Mobile:NEWS 2002年12月17日 00:30 AM 更新

「ThumbSense」はタッチパッドに革命を起こす?(1/3)

タッチパッドはキーボードの熟練者には扱いにくい。パッド操作時に手をホームポジションから外さざるえないからだ。そこでタッチパッドの左右のボタンをキーボードのホームポジションキーで代用できるようにしたのが、ソニー・暦本純一氏の「ThumbSense」だ

 「入力」のセッションでは、すぐに実用になる小意気なソフトの研究発表が行われた。ソニーCSLインタラクションラボラトリー室長の暦本純一氏による「ThumbSense」である。


ソニーコンピュータサイエンス研究所(CSL)インタラクションラボラトリー室長の暦本純一氏。ユーザーインタフェース研究の第一人者である

 「ThumbSense」は、タッチパッドの左右のボタンをキーボードのホームポジションのキーで兼用するためのソフトウェアである。

 タッチパッドは、キーボードの熟練者には、使いにくいところがある。操作のボタンがパッドの手前側にあり、キーボードから完全に手を離さなければ操作できないためだ。タッチパッド自体も、人指し指で操作するのか、親指でよいのか、難しいところがある。

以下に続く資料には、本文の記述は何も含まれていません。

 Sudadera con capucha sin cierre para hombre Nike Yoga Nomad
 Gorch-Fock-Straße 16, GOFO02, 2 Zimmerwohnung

ノート型PCで最も普及しているTouchPadを使いやすくしたいと研究を行った

 暦本氏は、「キーボードのヘビーユーザーであり、キーボードから手を離さなくて済むIBMのTrackPointを愛用していた」のだという。昨今、TrackPointを搭載したノートが減ってきていることから、タッチパッドを使えるようにと追加変更したのが、この「ThumbSense」なのだ。

 先に、「お蔵入り」研究を(長々と)紹介したのは、越塚美加氏が「多くの研究において、研究者は、自分が所属する機関によい図書館があり、資料利用環境に恵まれている場合でも、それらの資料をあまり利用せずに、自分の研究室内にある手持ちの資料を利用して研究を遂行する傾向にあることが示された」(情報探索と情報利用 図書館・情報学シリーズ2「第2章 個人の情報世界」 田村俊作編 勁草書房)と書いているように、研究者が実は、日常生活を送るなかで出てくる身近なところで研究を行っている、と指摘していることが背景にある。「お蔵入り」した研究には、日常生活の素朴な疑問を解決することが十分にできなかったものであることが多いと感じられるのだ。

 この「ThumbSense」は、身近なところから出てきた不満を解決し、広くタッチパッド式ノートユーザー一般にまで役立つようなところに昇華している。お蔵入りと成果のある研究とは、紙一重なのだ。

 「ThumbSense」の基本的な動作原理は、「指がタッチパッドに触っているかどうかで判定している」。いわばタッチパッドをシフトキーと同じように扱っているのだ。タッチパッドに触っているときは、キーボードをマウスのボタンとしている。一方、タッチパッドに触っていないときには、キーボードはキーボードとして扱える。


TouchPadを操作するときの手の動きには2種類の方法が考えられる。親指で操作するか、人指し指で操作するか、どちらかである。親指で操作するときには、キーボードのホームポジションに指を残しておけるが、TouchPadのボタンを押すことが難しい


そこで、ホームポジションにマウスのボタンを割り当てた「ThumbSense」の場合の実際の操作例。指がホームポジションに残ったままになっていることがわかる

 「超多鍵マウスです」と暦本氏は語る。「スイッチが潤沢にあるので、多様な機能を一発で実行できるようにしました」。